(Bloomberg) -- Russia’s central bank edged closer to raising interest rates for the first time since 2014 as its counterparts across emerging markets resort to higher borrowing costs to counter slumping currencies and inflation risks.
Governor Elvira Nabiullina said Tuesday that there were factors in favor of raising interest rates at a meeting next week, even though most evidence still pointed toward leaving borrowing costs unchanged.
The central bank sees higher market volatility, largely as a result of external factors, with investors reassessing risks in emerging economies, Nabiullina told reporters in the Black Sea resort of Sochi, adding that she expects a “real discussion” at a rate meeting Sept. 14.
“There’re a significant number of factors for holding the rate and some factors have appeared that allow to put the option of a possible rate increase on the table,” Nabiullina said. “We’ll assess all the risks.”
The prospect of a hike as soon as next week underscores a change that took hold after the fallout from U.S. sanctions, a decline in the ruble and turmoil in emerging markets. Central banks from Indonesia to Argentina have already lifted rates in an effort to stabilize their currencies.
While the Bank of Russia hasn’t raised its benchmark in almost four years, it stepped off the fast track to monetary easing in 2018 with a pause at three consecutive meetings. Nabiullina had previously said all options will be on the table in case of “a sharp strengthening in pro-inflationary risks.”
The ruble pared its losses after Nabiullina’s comments on Tuesday, trading 0.2 percent weaker at 68.1525 against the dollar as of 1:02 p.m. in Moscow. It’s among this year’s five worst performers in emerging markets with a loss of almost 16 percent against the U.S. currency.
The central bank has estimated that each 10 percent decline in the ruble’s value could add a percentage point to price growth.
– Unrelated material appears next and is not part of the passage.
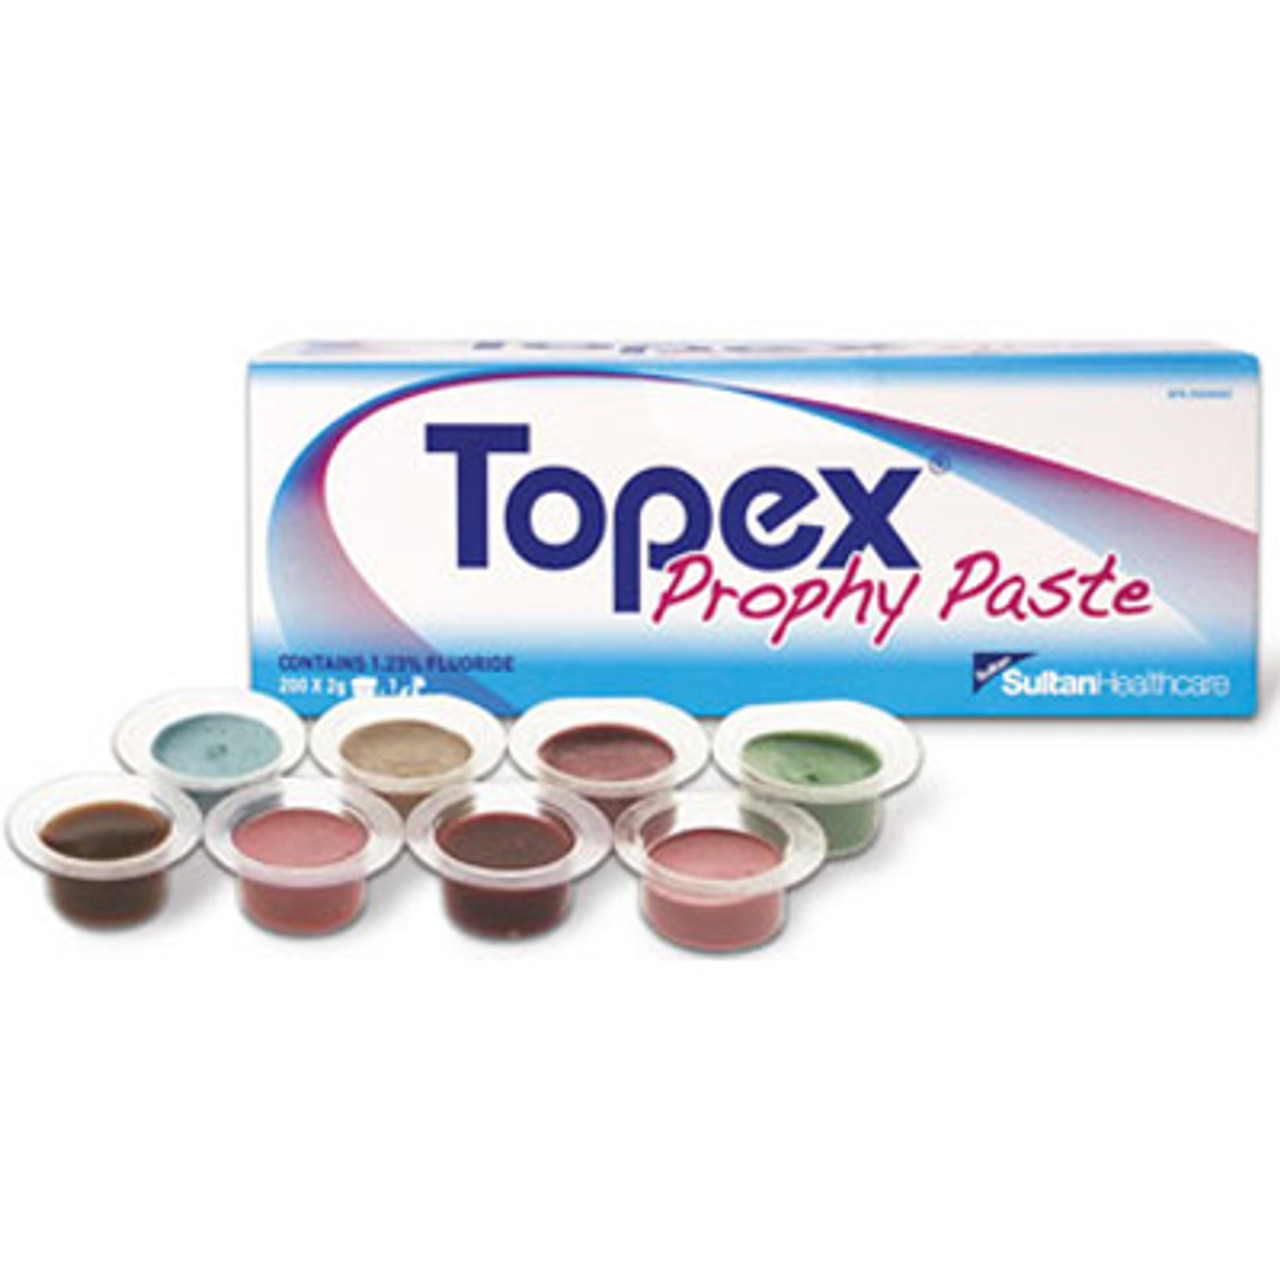 Sultan Topex Prophylaxis Paste Cups Neapolitan Assortment, Medium, 200 cups/bx
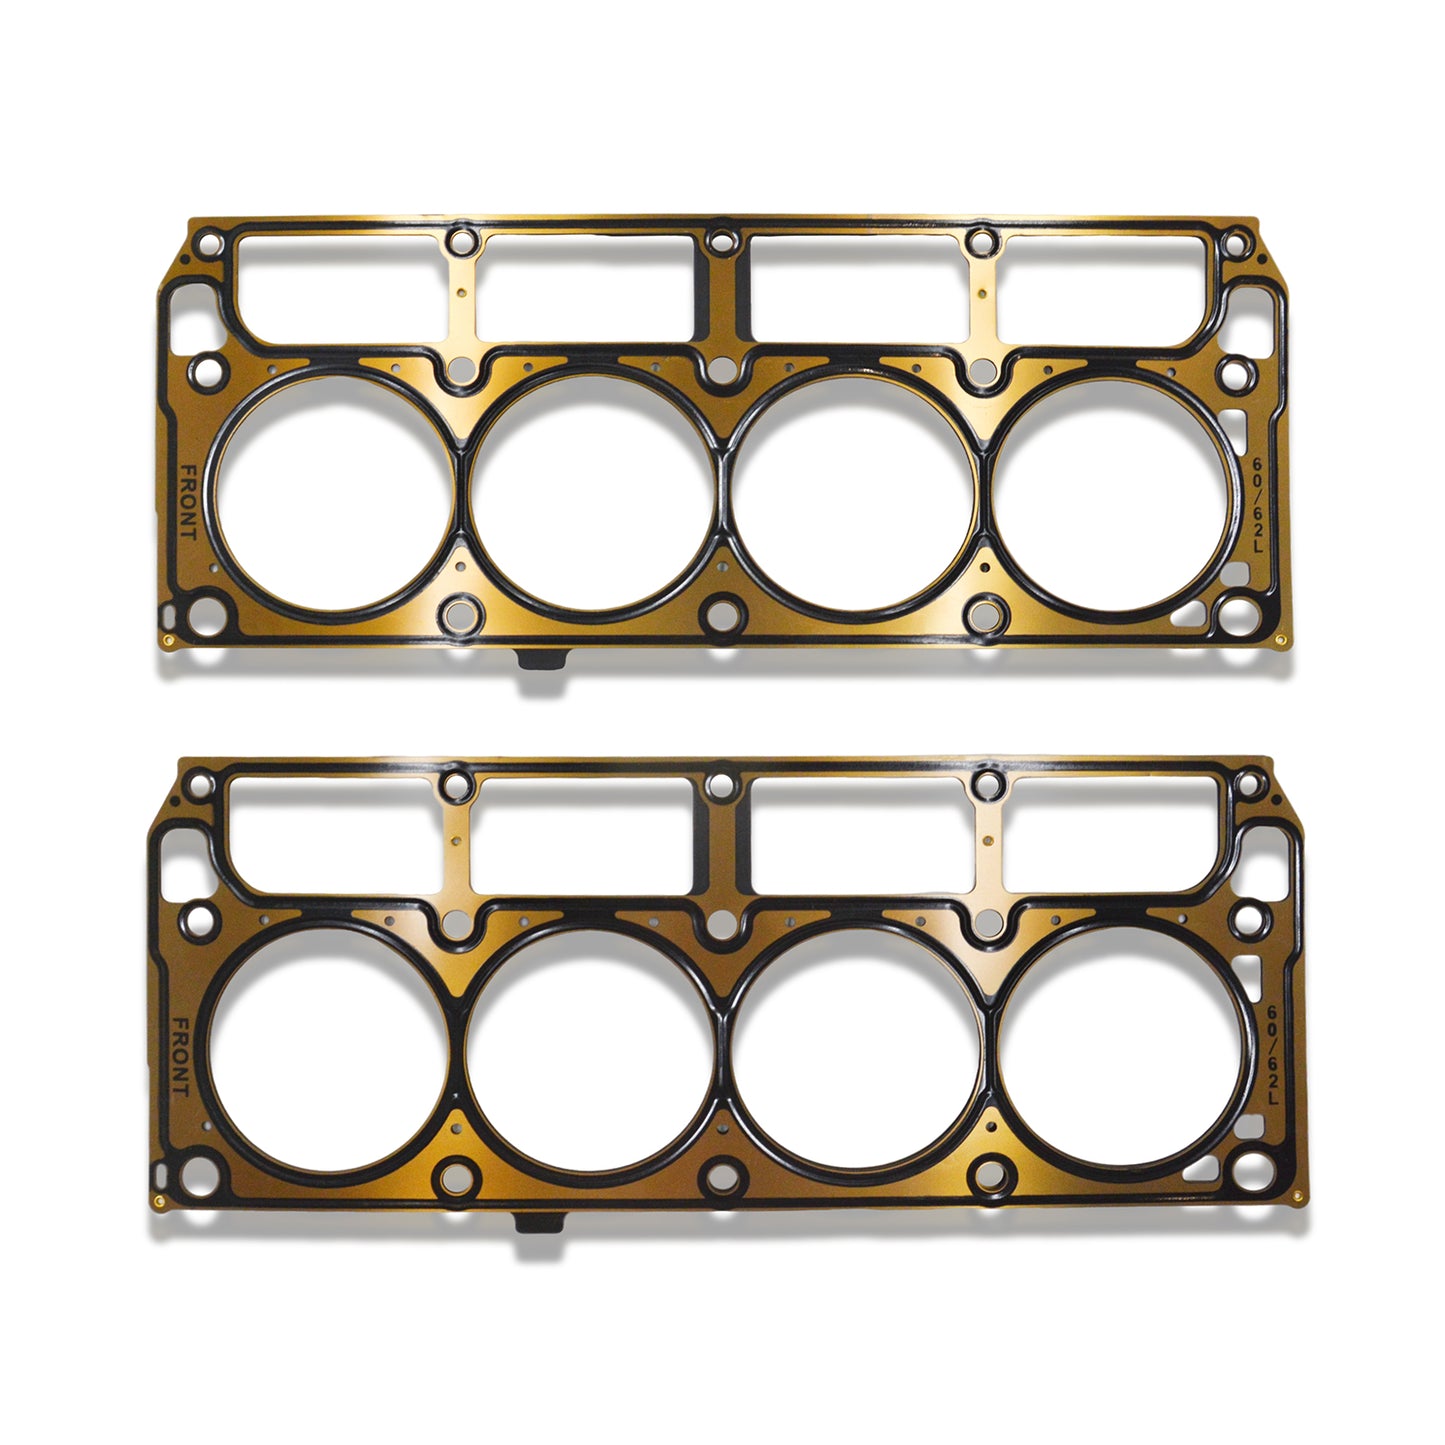 GOCPB MLS Head Gasket Set Compatible with LS9 Oil Pan Gasket Sets Head Gaskets for GM Chevy LS1/LS6/LQ4/LQ9/4.8L 5.3L 5.7L 6.0L

Adding to concern over inflation are plans to raise the value-added tax from Jan. 1, a move the Bank of Russia says may boost price growth by as much as 1.5 percentage points. The main impact is expected in the first quarter, when the central bank sees consumer-price growth temporarily exceeding its target of 4 percent. In July, annual inflation hit a high for 2018 even as it remains well below the goal.
“We are seeing that inflation is returning to our target slightly faster than we were earlier forecasting,” Nabiullina said. That’s “primarily because of external factors, the exchange-rate dynamics.”
For now, all 12 economists surveyed by Bloomberg predict the 7.25 percent benchmark will be kept unchanged next week. Still, a discussion over more drastic measures may be heating up.
“While the most likely scenario is that the central bank will keep interest rates on hold in the coming months, comments from Nabiullina imply that she will not hesitate to seriously consider a rate hike,” said Piotr Matys, an emerging-markets currency strategist at Rabobank in London.“Inflationary pressures may continue to rise on the back of a weaker ruble, which is vulnerable to a new round of U.S. sanctions that could be announced in November.”